**Given material:**
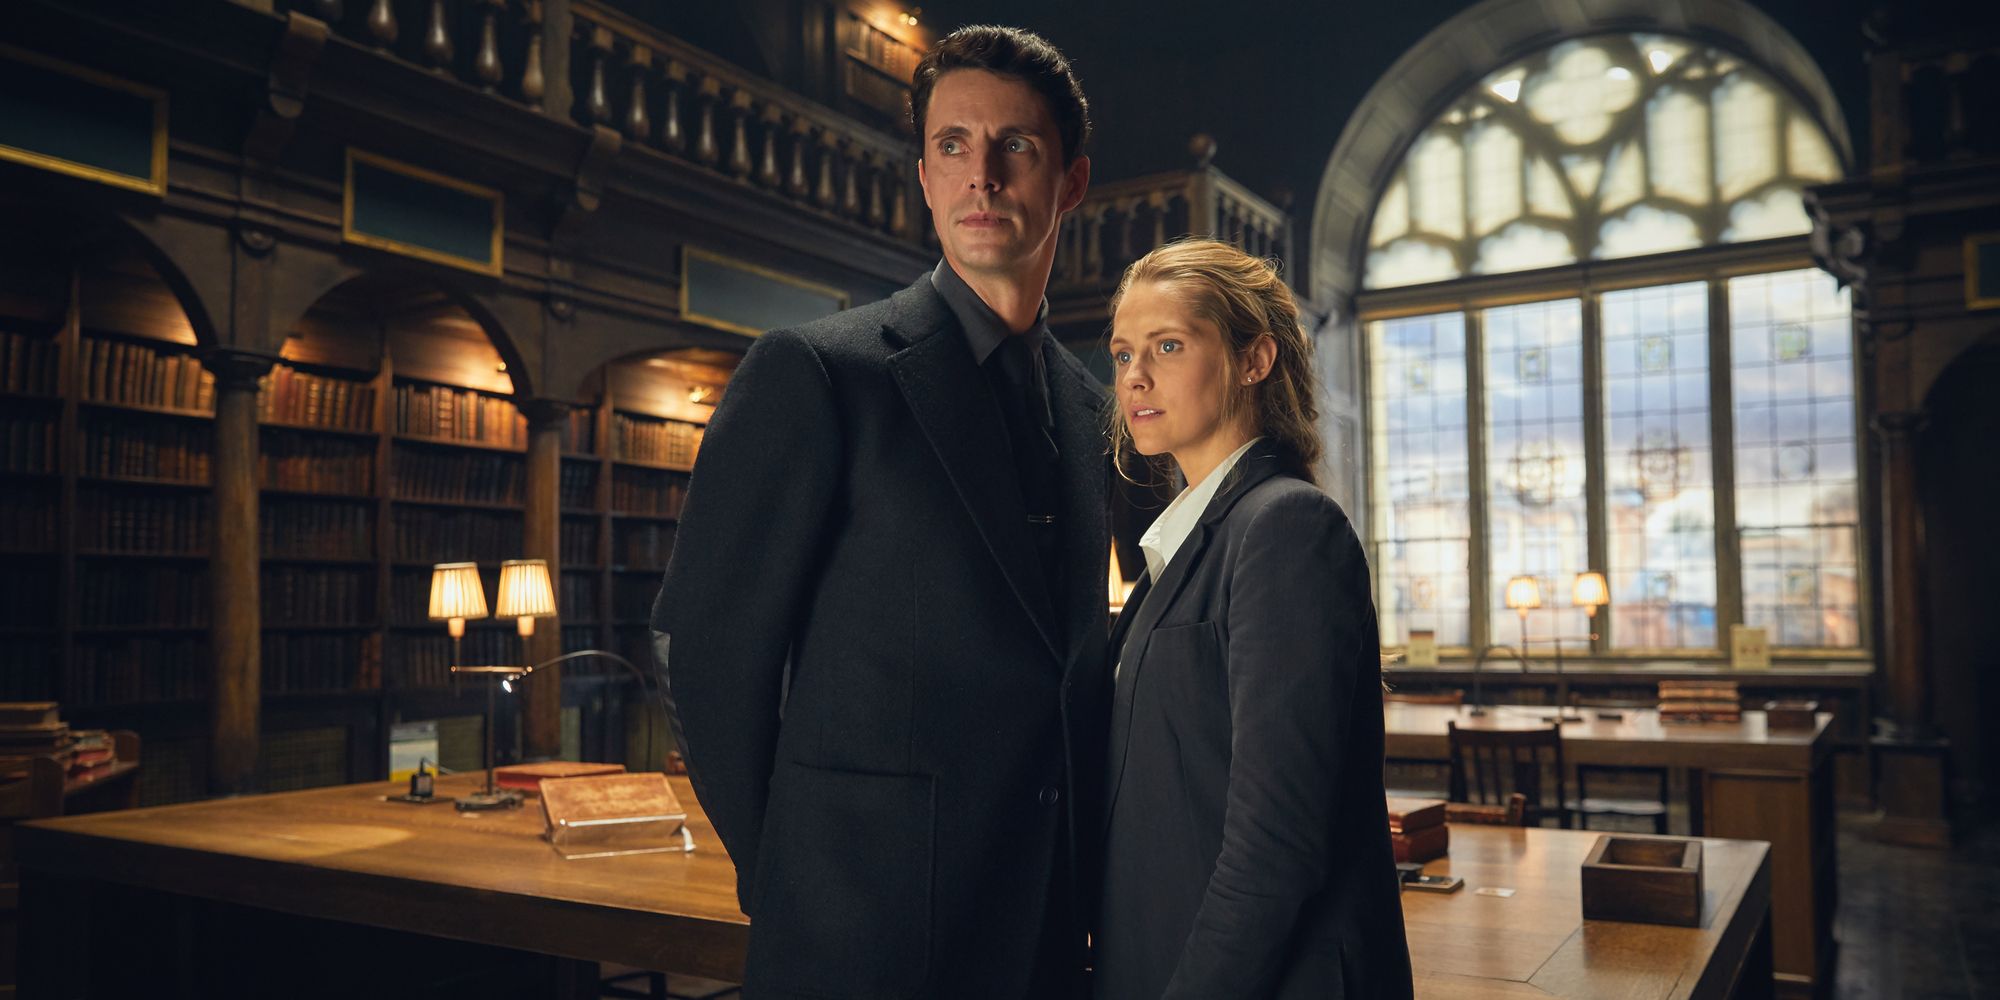 Matthew (Matthew Goode) and Diana (Teresa Palmer) in a library in A Discovery of Witches in A Discovery of Witches
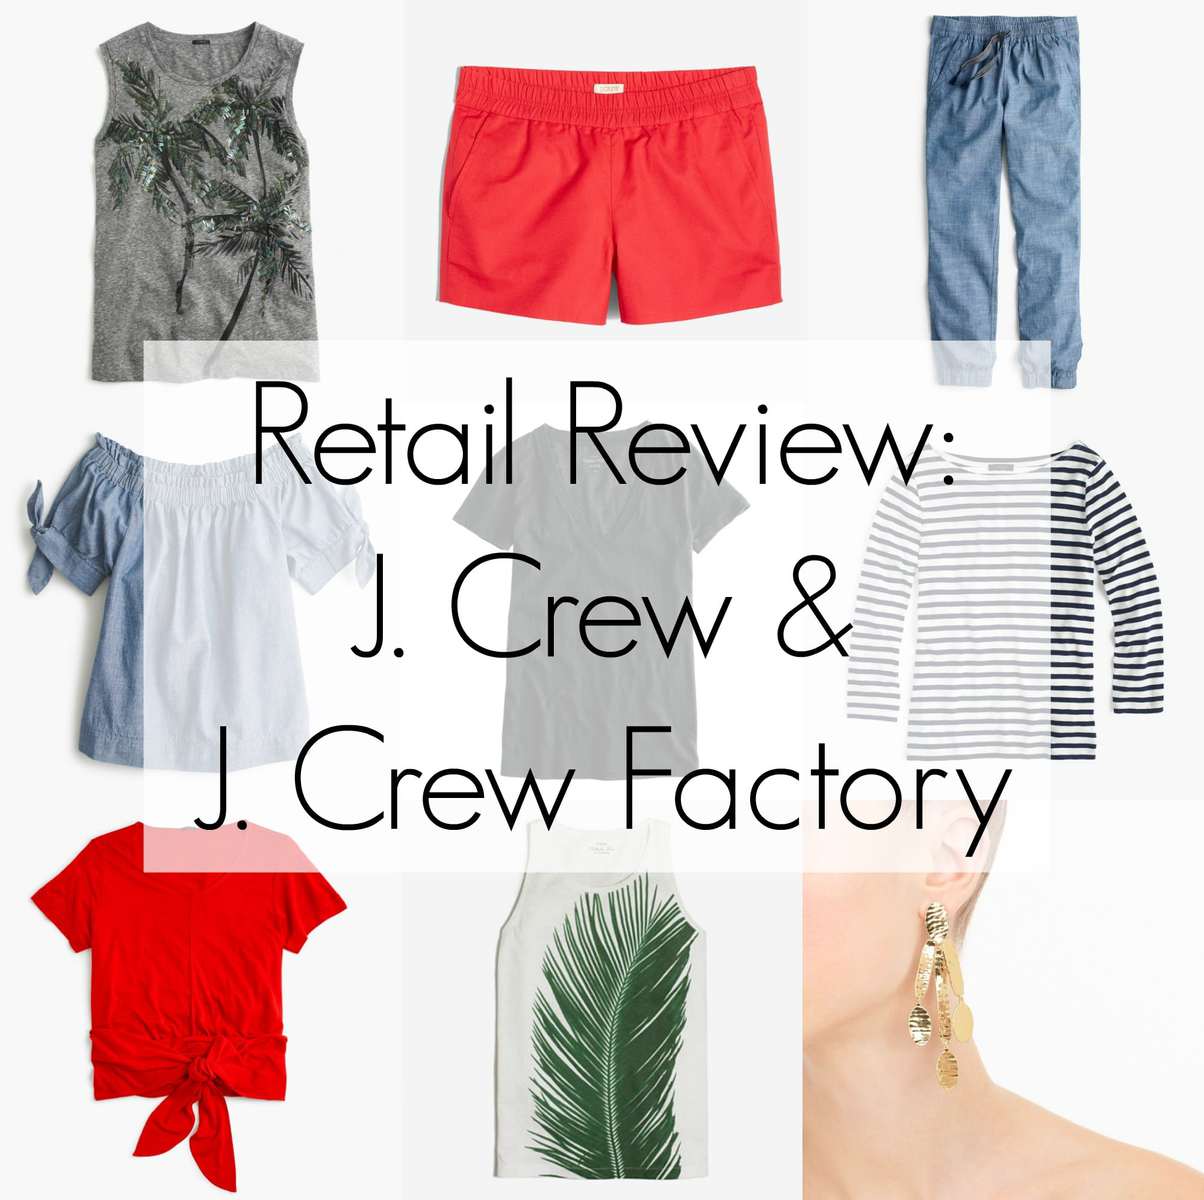 Shopping Hits and Misses: J. Crew and J. Crew Factory
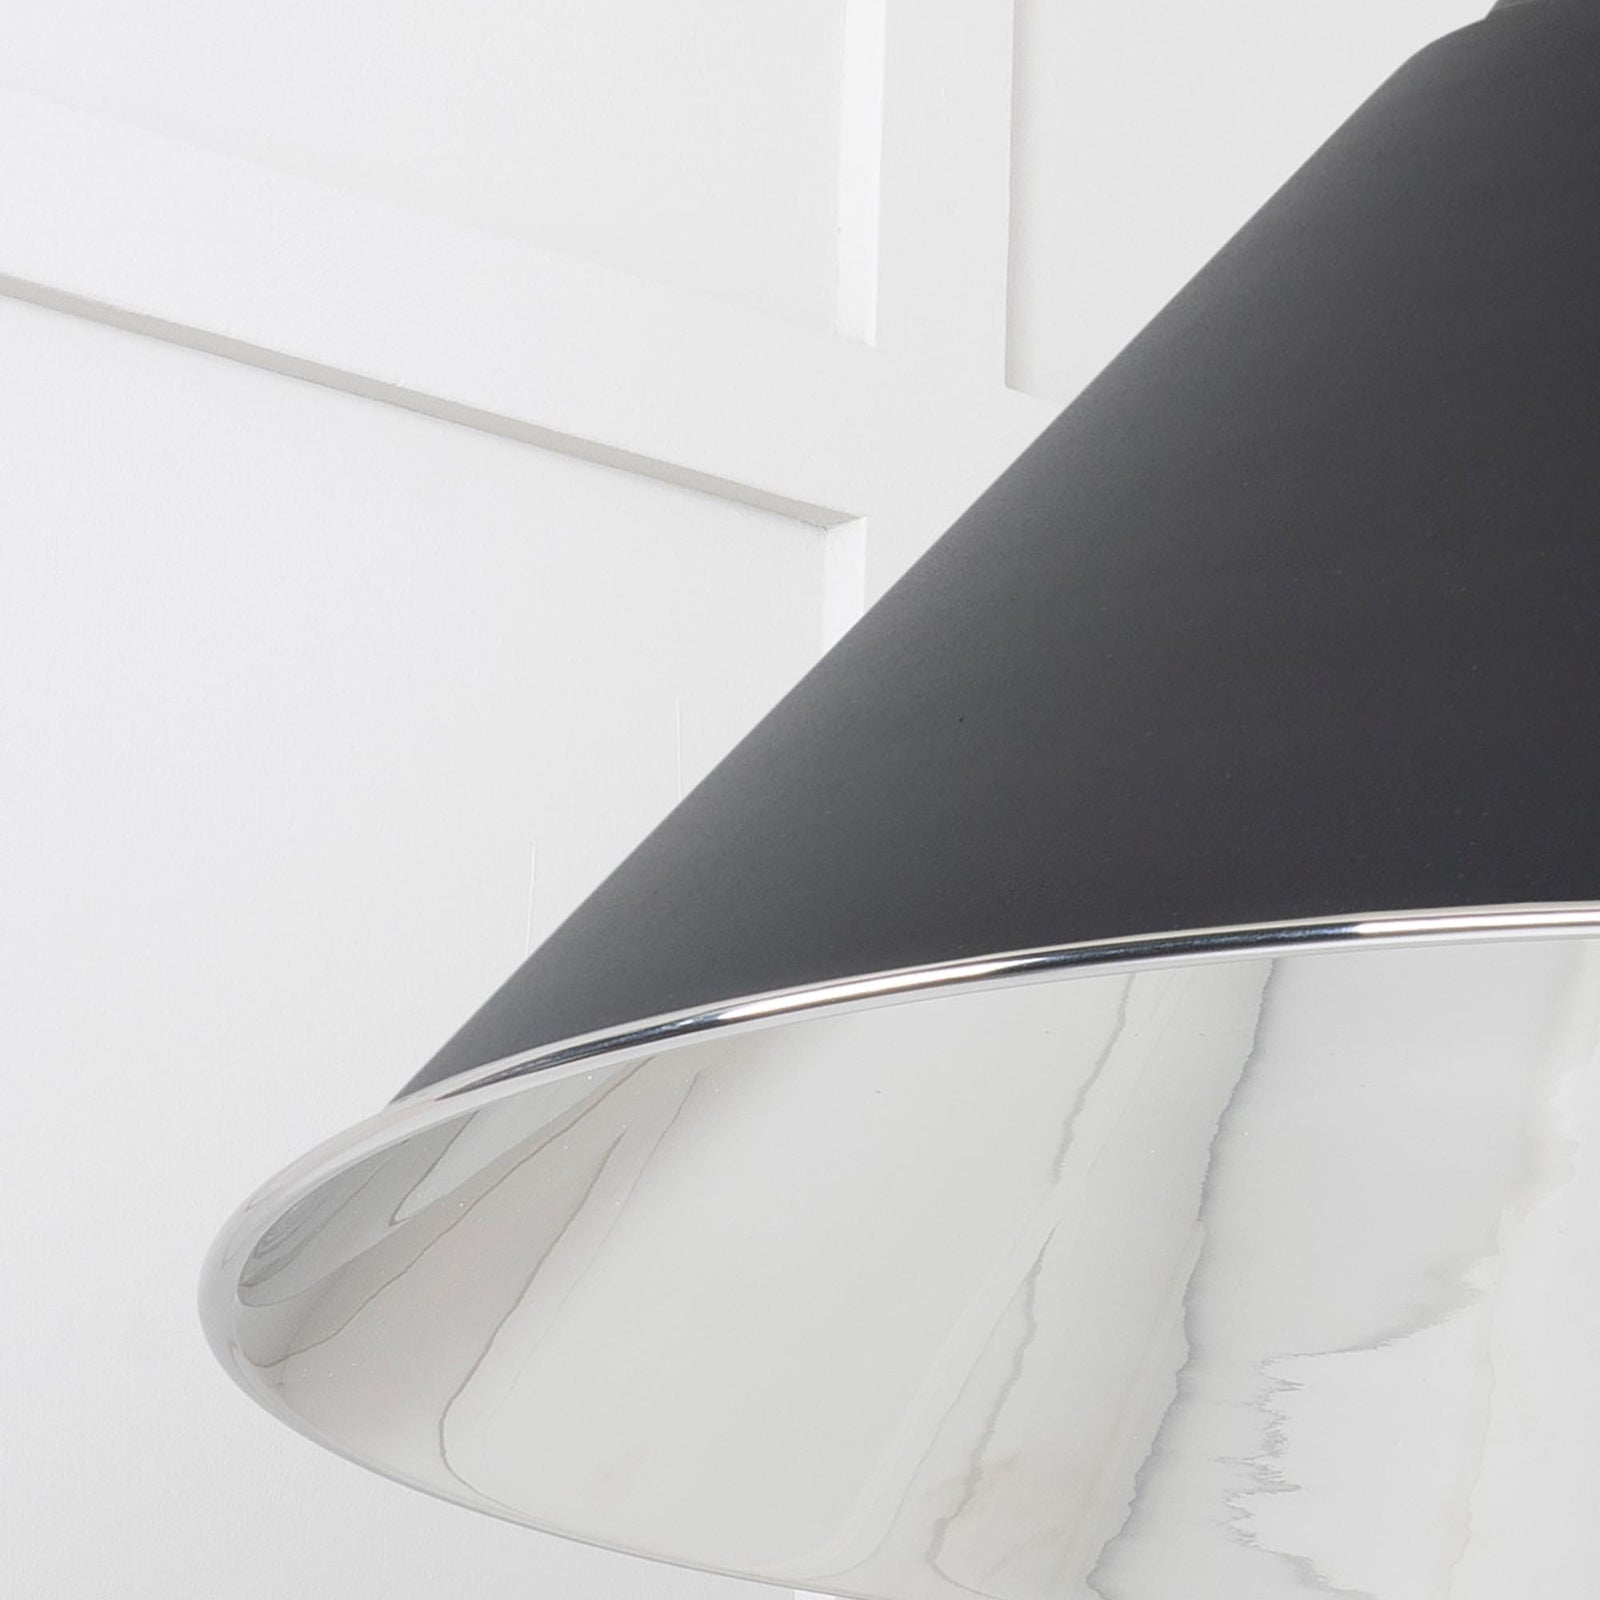 SHOW Close Up Image of Hockley Ceiling Light in Elan Black in Smooth Nickel
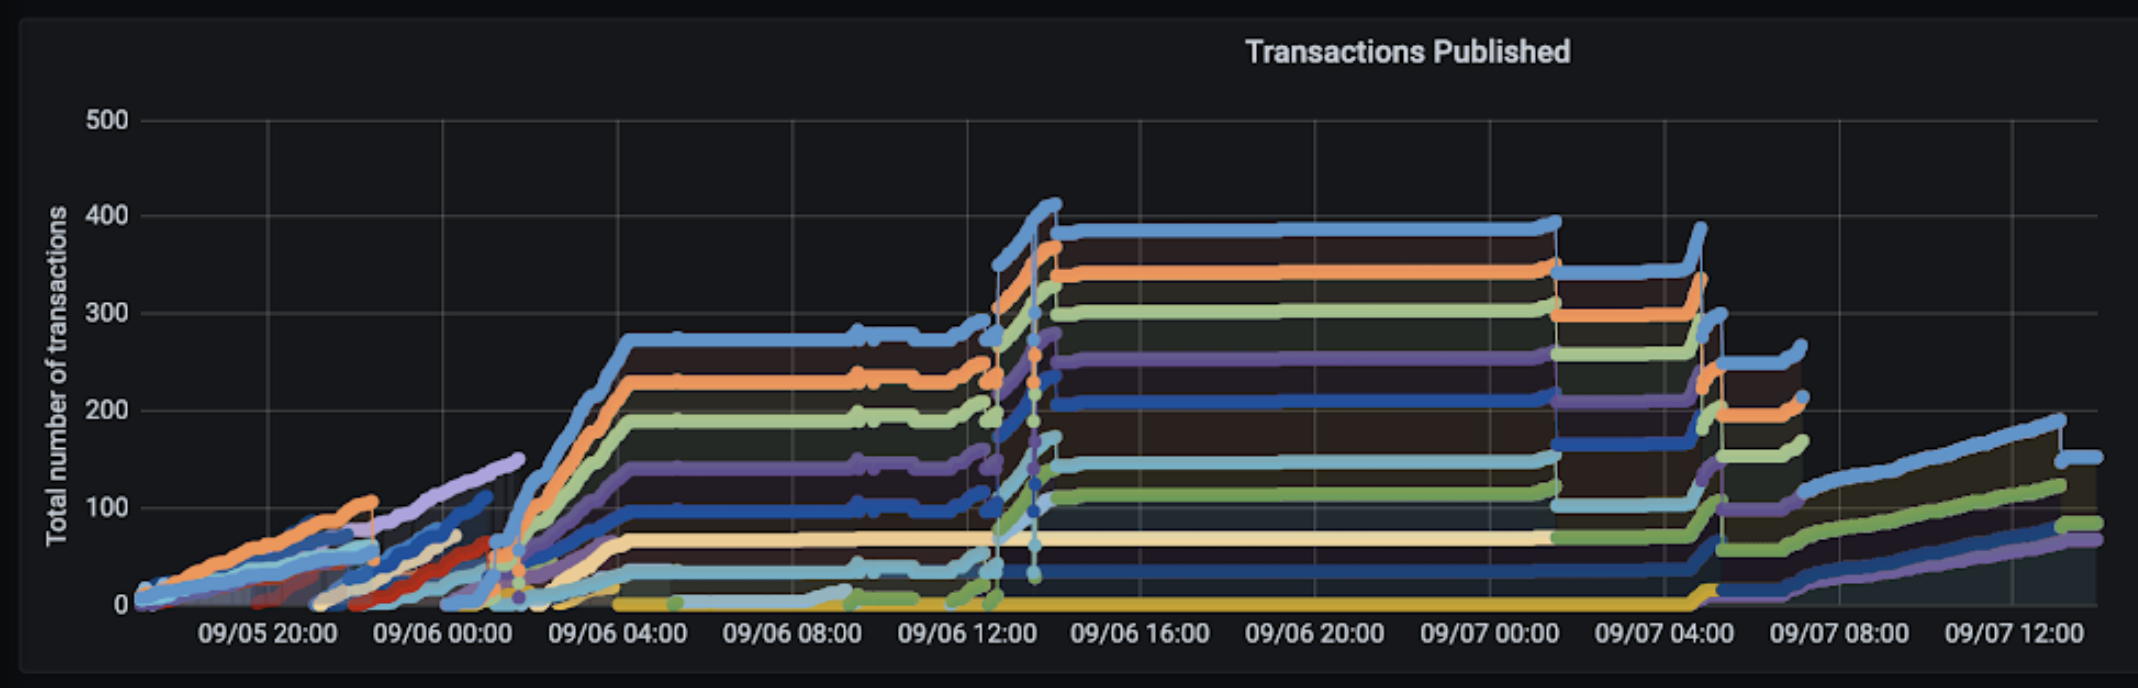 Total Transactions Published of Scale Out Benchmark

**Exercise directions:** An exact copy is needed of the lines running from the one containing "SHOW Close Up" through the last line of the material, and of no others; pictures stay out.

**Output of the task:**
 SHOW Close Up Image of Hockley Ceiling Light in Elan Black in Smooth Nickel
 Total Transactions Published of Scale Out Benchmark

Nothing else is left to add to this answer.